I do not hesitate to criticize problems in the United States, such as systemic racism and a gun fetish. The American government has the power to allocate trillions of dollars, enact laws, declare wars and push the nuclear button. But sometimes people in power prioritize personal benefit over principled public interest. For example, they prioritize gun lobby money over citizens’ lives and public safety, or they support Trump’s efforts to overthrow democracy. The fight for human rights and freedom will be long and hard for both China and the United States. As Aldous Huxley put it: “Eternal vigilance is not only the price of liberty; eternal vigilance is the price of human decency.”



What should the world learn from the rise of dictatorial China?


Only 17 days after the Tiananmen Massacre, President George H.W. Bush sent a secret good-will letter to Deng Xiaoping, “The Butcher of Beijing” who ordered the mass killing. Bush then dispatched his National Security Adviser Brent Scowcroft on a secret mission to meet with Deng.


By 1991, the West had eased or eliminated many of the Tiananmen-related sanctions placed on China. Human rights were decoupled from trade. In the ensuing decades of increased foreign engagement and investment, China became the world’s second largest economy. But its human rights situation did not improve, it deteriorated. To think that economic liberalization would bring liberal democracy to China was delusional. Both the naïveté and greed of the free world made the situation worse. The Communist Chinese regime is now the most serious global threat to freedom.

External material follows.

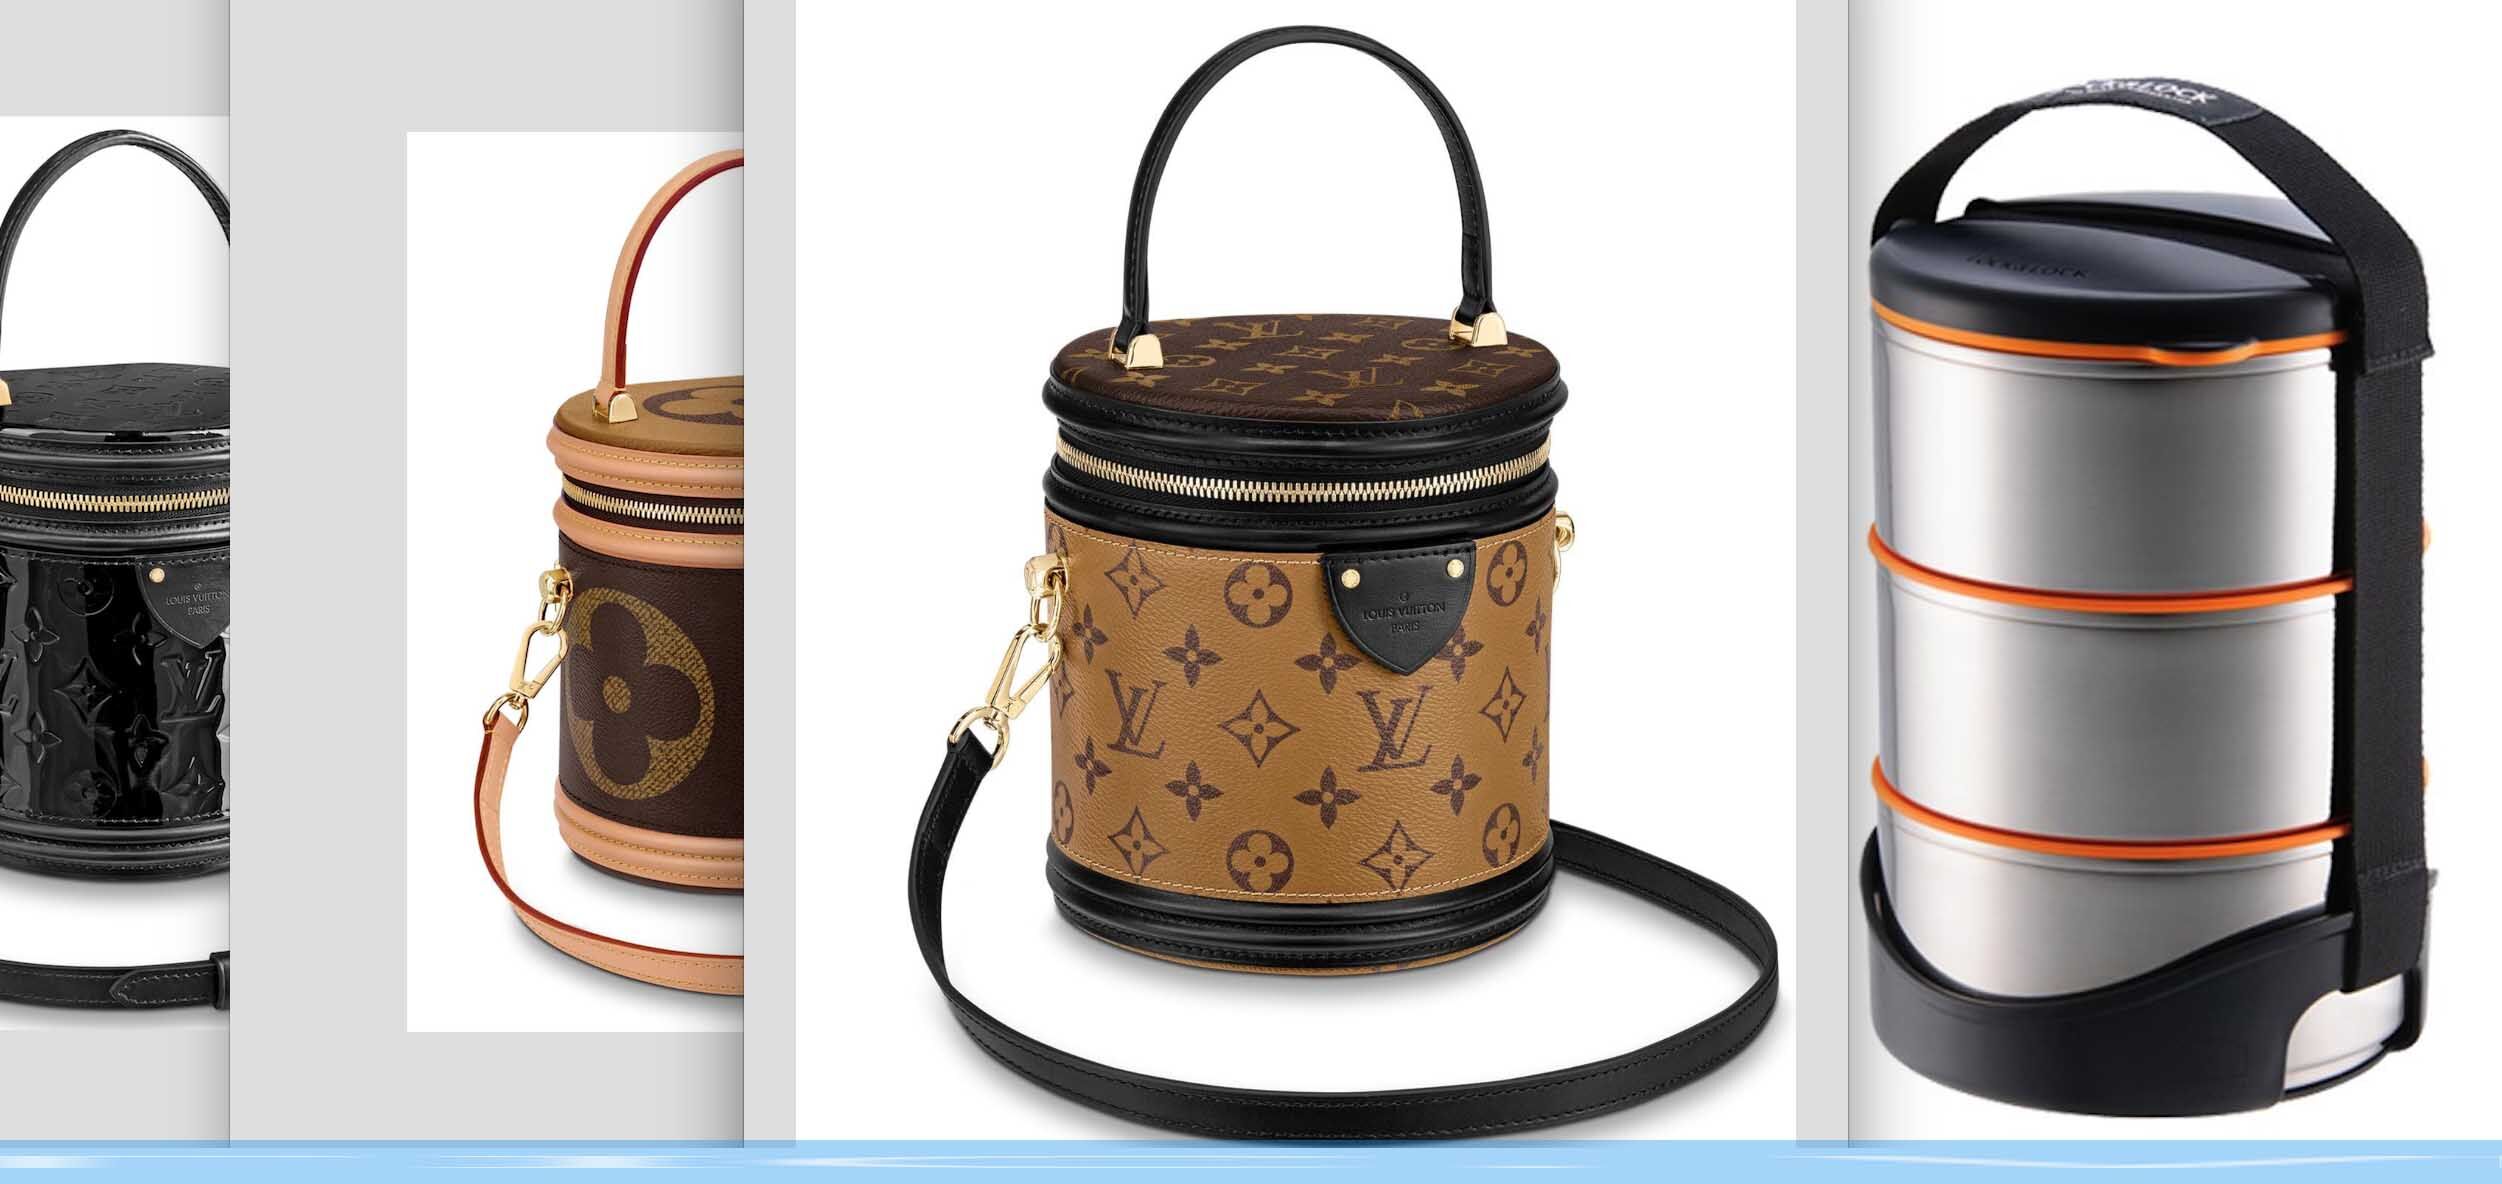 Không chỉ túi máy bay của Louis Vuitton, thế giới hàng hiệu còn nhiều mẫu túi độc lạ hơn thế - 9

For Western countries, what is the alternative to engaging with China? Can the West craft a strategy toward China that makes progress on values like human rights while protecting economic interests, or is that impossible?

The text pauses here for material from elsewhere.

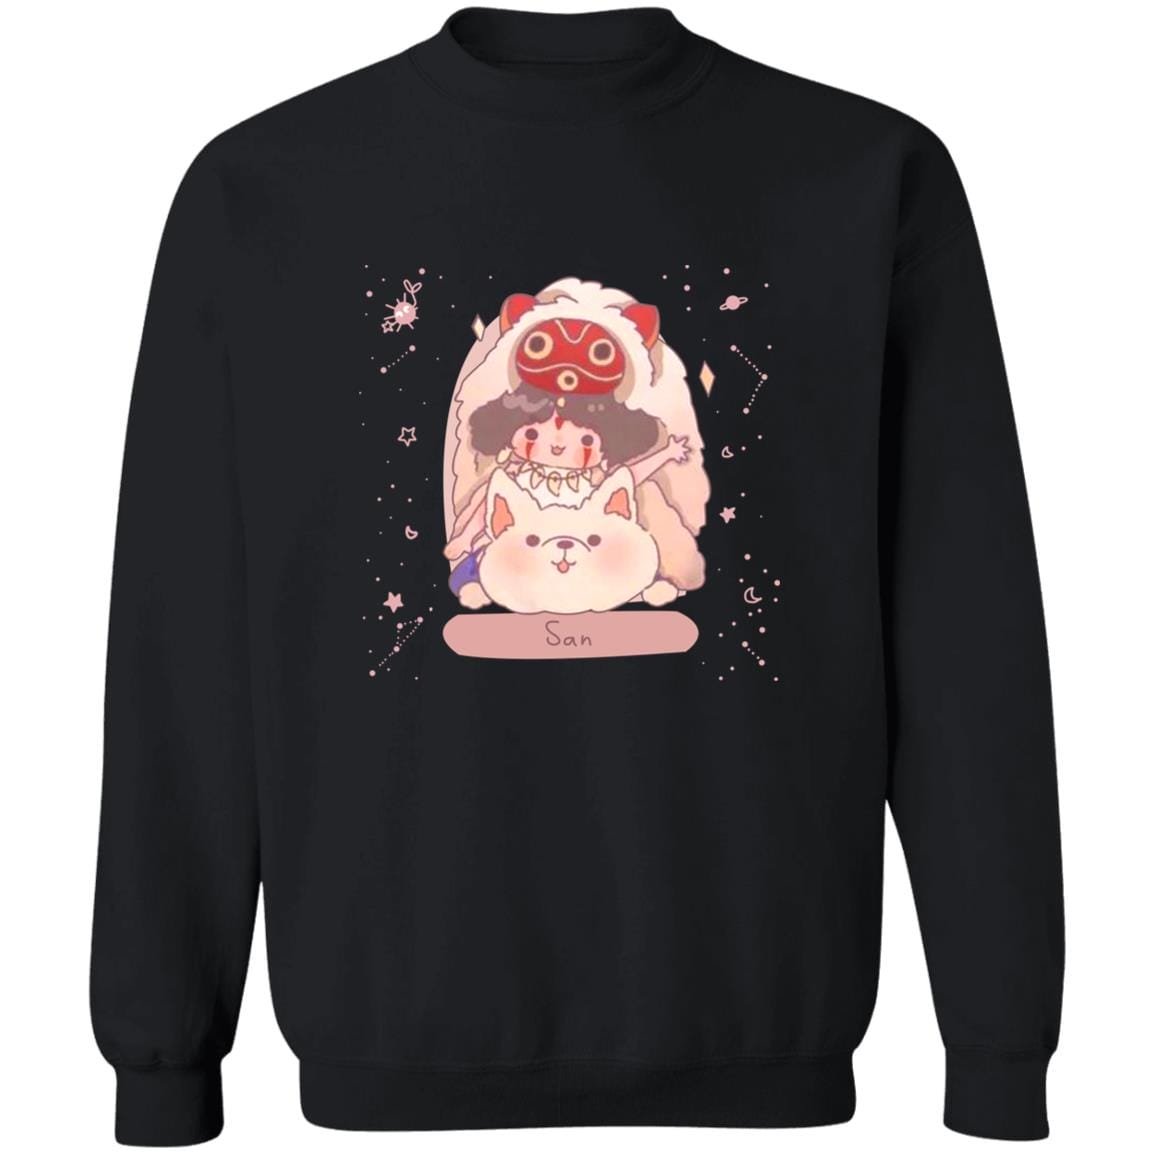 Mononoke Princess – San Fanart Sweatshirt

Unprincipled engagement with an autocratic regime is appeasement. It has contributed to China’s techno totalitarianism and international aggressiveness. Western leaders fear criticizing Beijing for its human rights abuses. Western technology corporations help facilitate China’s censorship and surveillance systems. The Chinese government increasingly uses economic coercion, and it repeatedly works. By allowing Beijing to host the Olympic Games, not once but twice, the world gave the Communist Party what it desires more than anything: an endorsement of its legitimacy.


Human rights should not be decoupled from trade, or from other pressing issues like climate change, counter-terrorism or nuclear proliferation. The Chinese government has manipulated these issues and blackmailed the world for too long. This can no longer be tolerated. The free world continues to squander the political, economic, and technical leverage it holds over China.


Many people have lost the political imagination to envision a free China. But the Communist Party cannot rule China forever. It matters a lot whether our China policy includes a vision of promoting democratization. “The world cannot be safe until China changes,” President Nixon said. China has changed, but for the worse. Helping the Chinese people achieve constitutional democracy is not only politically desirable, but also in the economic interest of the rest of the world. To be more confrontational with the Communist Party, and more unyielding on human rights, might result in short-term pain on the economic and diplomatic fronts, but it is our moral obligation, and it is in our long-term interest, too.